# Pressemeldung: Hecht Gigant von 17,5 Kilo nur 1,14m



## Thomas9904 (7. März 2017)

Pressemeldung

*Quantum Teamangler fängt Hecht Gigant von 17,5 Kilogramm​*






Tostedt. 
Quantum Teamangler Timo Rosche ist ein beeindruckender Fang gelungen. Unter schwierigsten Witterungsbedingungen konnte der Angler einen wirklichen Ausnahmefisch landen, einen Hecht von 17,5 kg! Timo war mit seinem Teamkollegen und Freund Dirk Fastenau Ende Februar für ein verlängertes Wochenende in Holland unterwegs. 

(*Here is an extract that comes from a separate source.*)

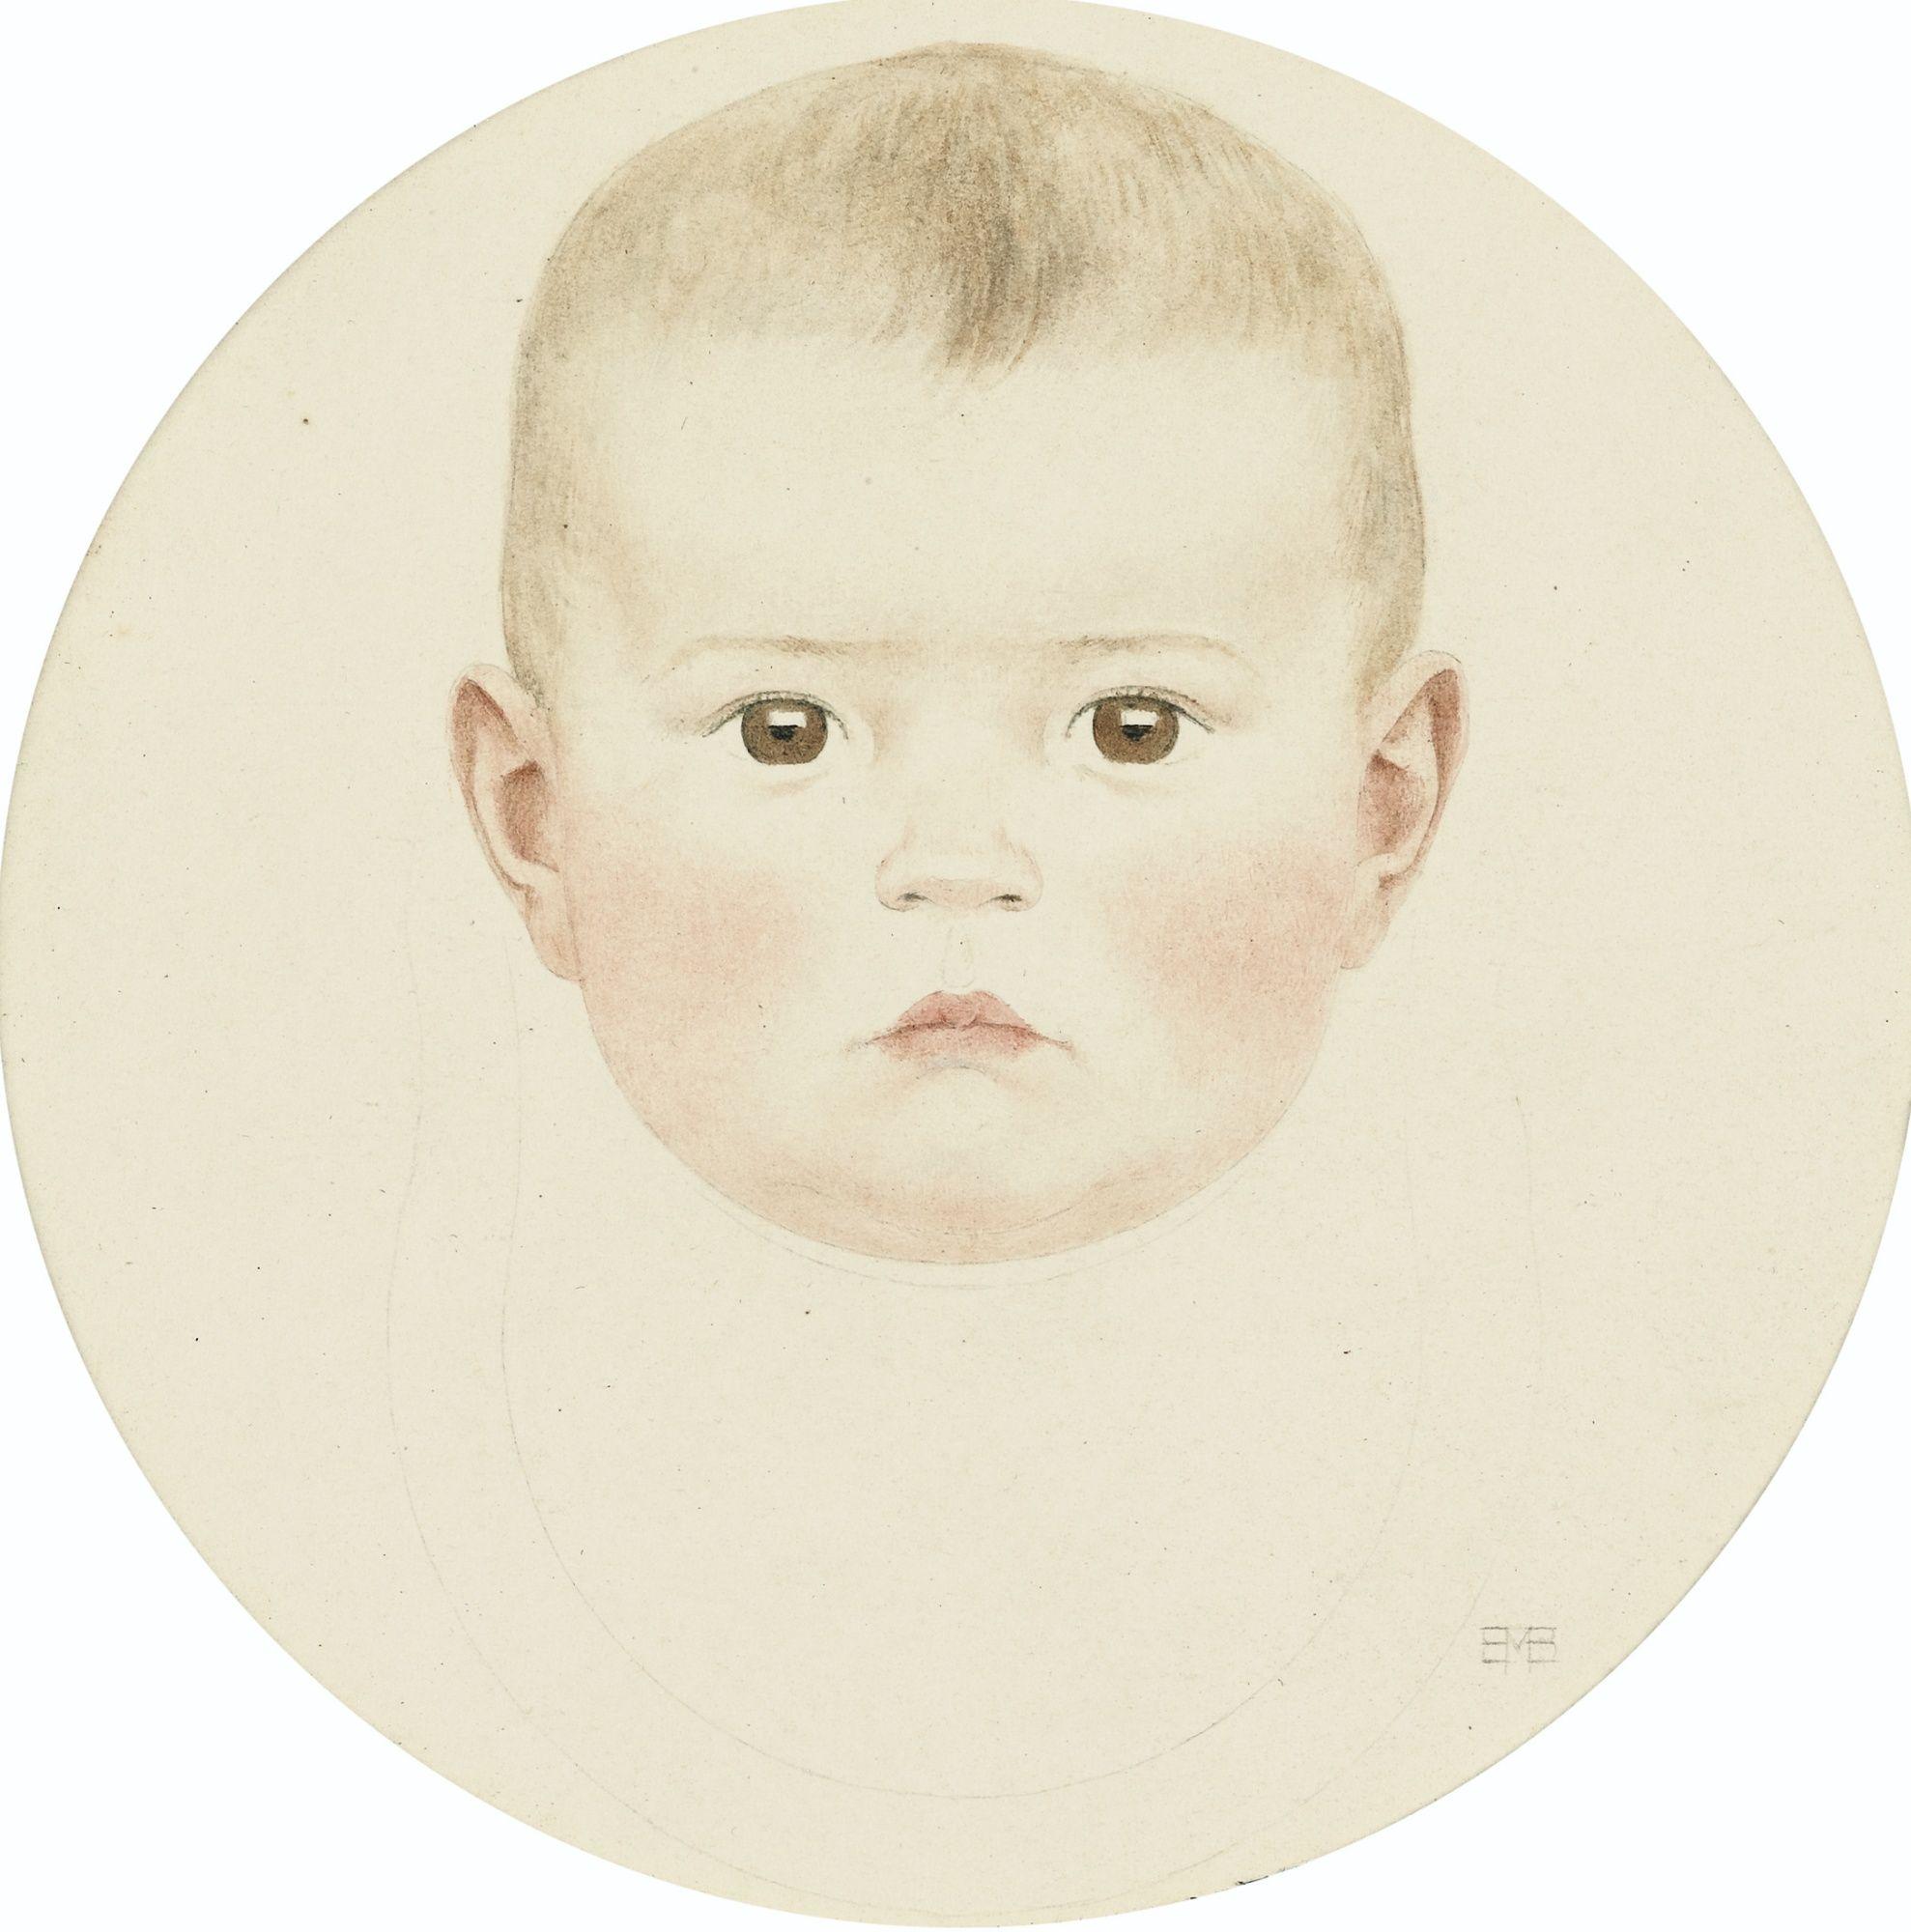 SYLVIE BÉBÉ by Bernard Boutet de Monvel (French 1881-1949) ; SYLVIE AS A BABY ; WATERCOLOR ON PAPER

Die aktuelle Wetterlage mit Unwetterwarnungen und Sturm machte es den zwei Anglern jedoch nicht leicht. Starkregen, Hagel und Sturmböen erschwerten den beiden ihr Vorhaben und machten das Fischen vom Boot auf den meisten Großgewässern zu einem Himmelfahrtskommando. 

Aus diesem Grund musste die lang geplante Tour kurzfristig umgeplant werden. Als Alternative wurde ein kleinerer, geschützterer Baggersee gefunden, der für beide Angler noch unbekannt war. Das Team fischte driftend vom Boot und warf mit großen Wobblern die Uferkannten und das Freiwasser ab. Auf diese Weise wurden bereits mehrere Dutzend Hechte gelandet, bevor der Traumfisch Timos getwitchten Wobbler direkt vor dem Boot schnappte. 

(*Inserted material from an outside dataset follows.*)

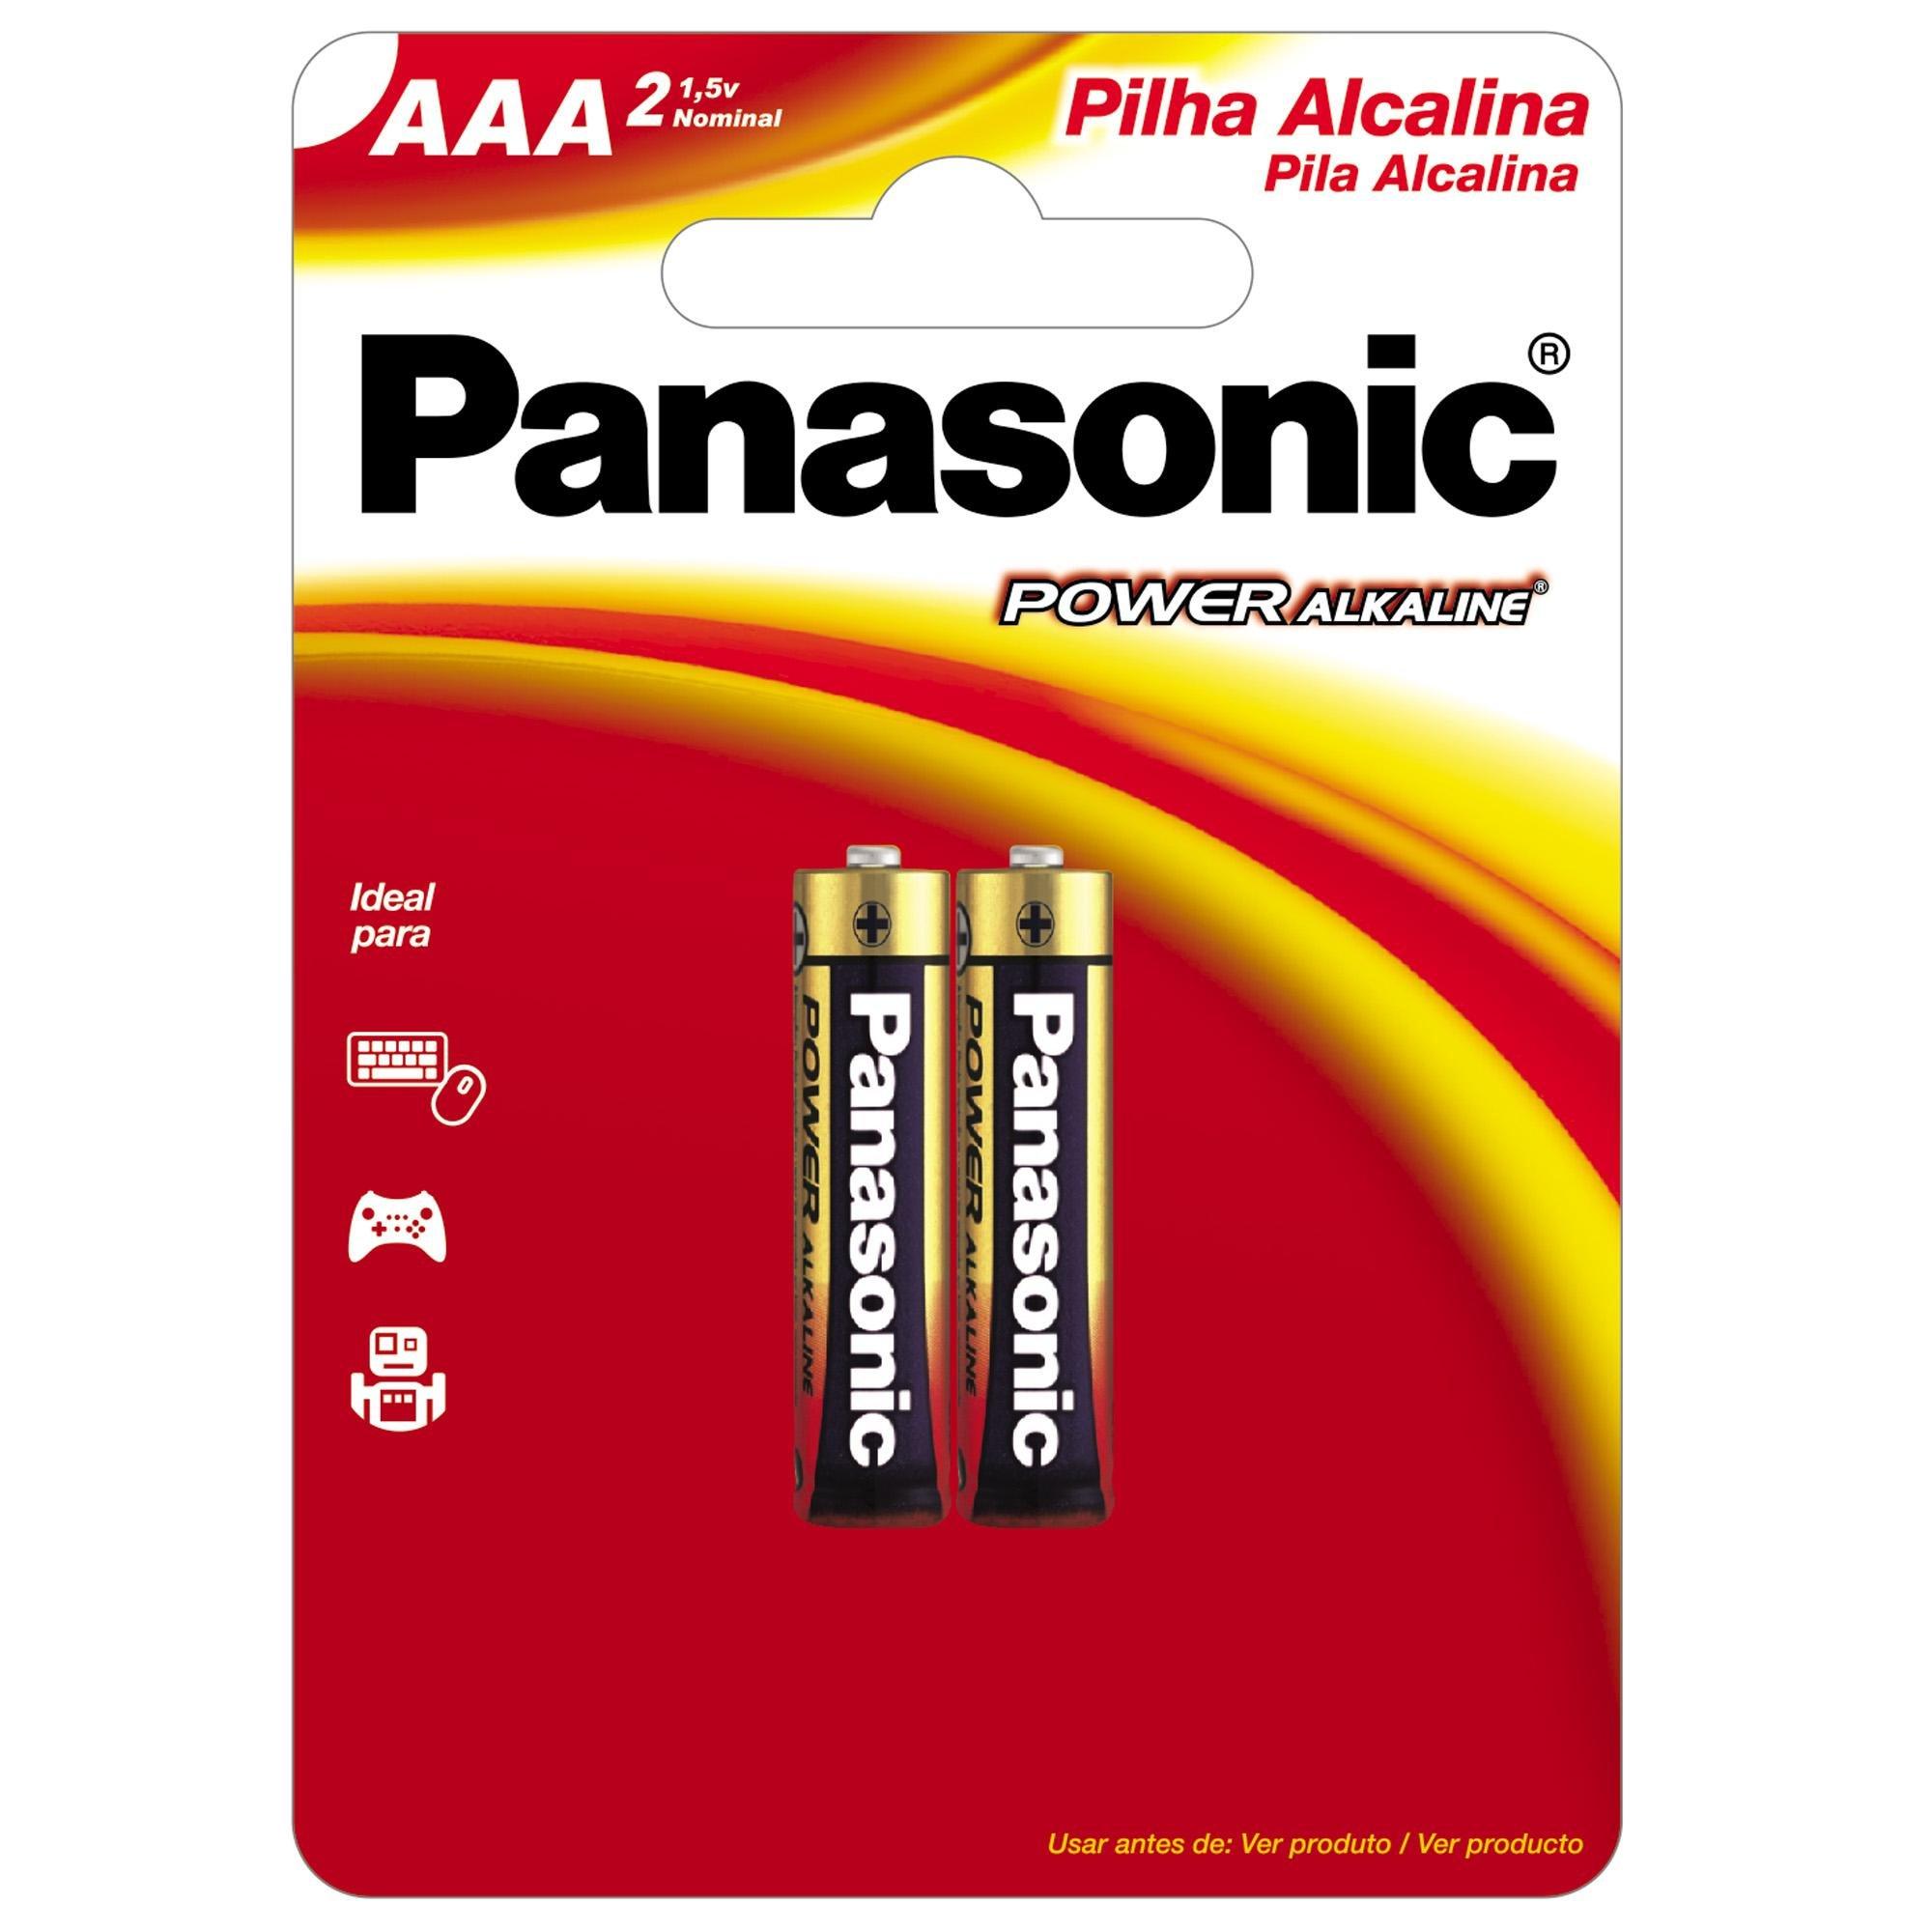 Pilha Alcalina AAA 1,5V LR03XAB/2B1 PANASONIC (Cartela com 2

Der Drill an der Accurist Spin gepaart mit einer Smoke Spinning Stationärrolle war kurz und knackig. Erst als der Hecht auf der Abhakmatte lag, wurden den Anglern die Ausmaße des Fisches richtig bewusst, so berichtet Timo. 

Dieser Hecht war der kompakteste und mächtigste Fisch, den die zwei in ihrer Angelkarriere bisher live gesehen hatten. Das beindruckende Gewicht von 17,5 kg war auf eine Länge von kompakten 114 cm verteilt, wodurch der Hecht extrem bullig und massiv wirkte. 

Eine rasche Versorgung des Fanges, also schonendes Abhaken, schnelles Messen, Wiegen und Fotografieren ist für Timo und Dirk wichtig.  

Zur Hälterung diente den Anglern der neue Quantum Predator Keeper, dank welchem der Fang schonend gehältert, gewogen und anschließend zurückgesetzt werden konnte. Dieser Hecht wird den beiden Anglern sicherlich noch lange in Erinnerung bleiben.


----------



## Angler2097 (7. März 2017)

*AW: Pressemeldung: Hecht Gigant von 17,5 Kilo nur 1,14m*

Hammergeiler Hecht!


----------



## 50er-Jäger (7. März 2017)

*AW: Pressemeldung: Hecht Gigant von 17,5 Kilo nur 1,14m*



Thomas9904 schrieb:


> Pressemeldung
> 
> * Quantum Teamangler fängt Hecht Gigant von 17,5 Kilogramm​ *
> 
> ...



|kopfkrat die Bäume stehen völlig unbeeindruckt vom Sturm im Hintergrund...
 Aber zum Glück wurde der "Fangbericht" mit genügend Produkten der Firma betonend abgerundet:q|rolleyes


----------



## Nuesse (7. März 2017)

*AW: Pressemeldung: Hecht Gigant von 17,5 Kilo nur 1,14m*

Ich steh auf dicke Muttis .

Petri zum Hecht #6


----------



## kati48268 (7. März 2017)

*AW: Pressemeldung: Hecht Gigant von 17,5 Kilo nur 1,14m*

Wirklich ungemein bullig für die Größe, toller Fisch!


----------



## jigga1986 (7. März 2017)

*AW: Pressemeldung: Hecht Gigant von 17,5 Kilo nur 1,14m*

und mein Kollege angelt auf Friedfisch mit 21kg schnur:q:q:q


----------



## Franz_16 (7. März 2017)

*AW: Pressemeldung: Hecht Gigant von 17,5 Kilo nur 1,14m*

Ich mag Hechte die man nicht per Nackengriff landen kann, weil die Hände zu klein sind. :q Richtige Granate! Petri Heil!


----------



## Thomas9904 (7. März 2017)

*AW: Pressemeldung: Hecht Gigant von 17,5 Kilo nur 1,14m*

Und bei Fraz heisst das was mit seinen Pranken, von wegen nicht mit Nackengriff landen...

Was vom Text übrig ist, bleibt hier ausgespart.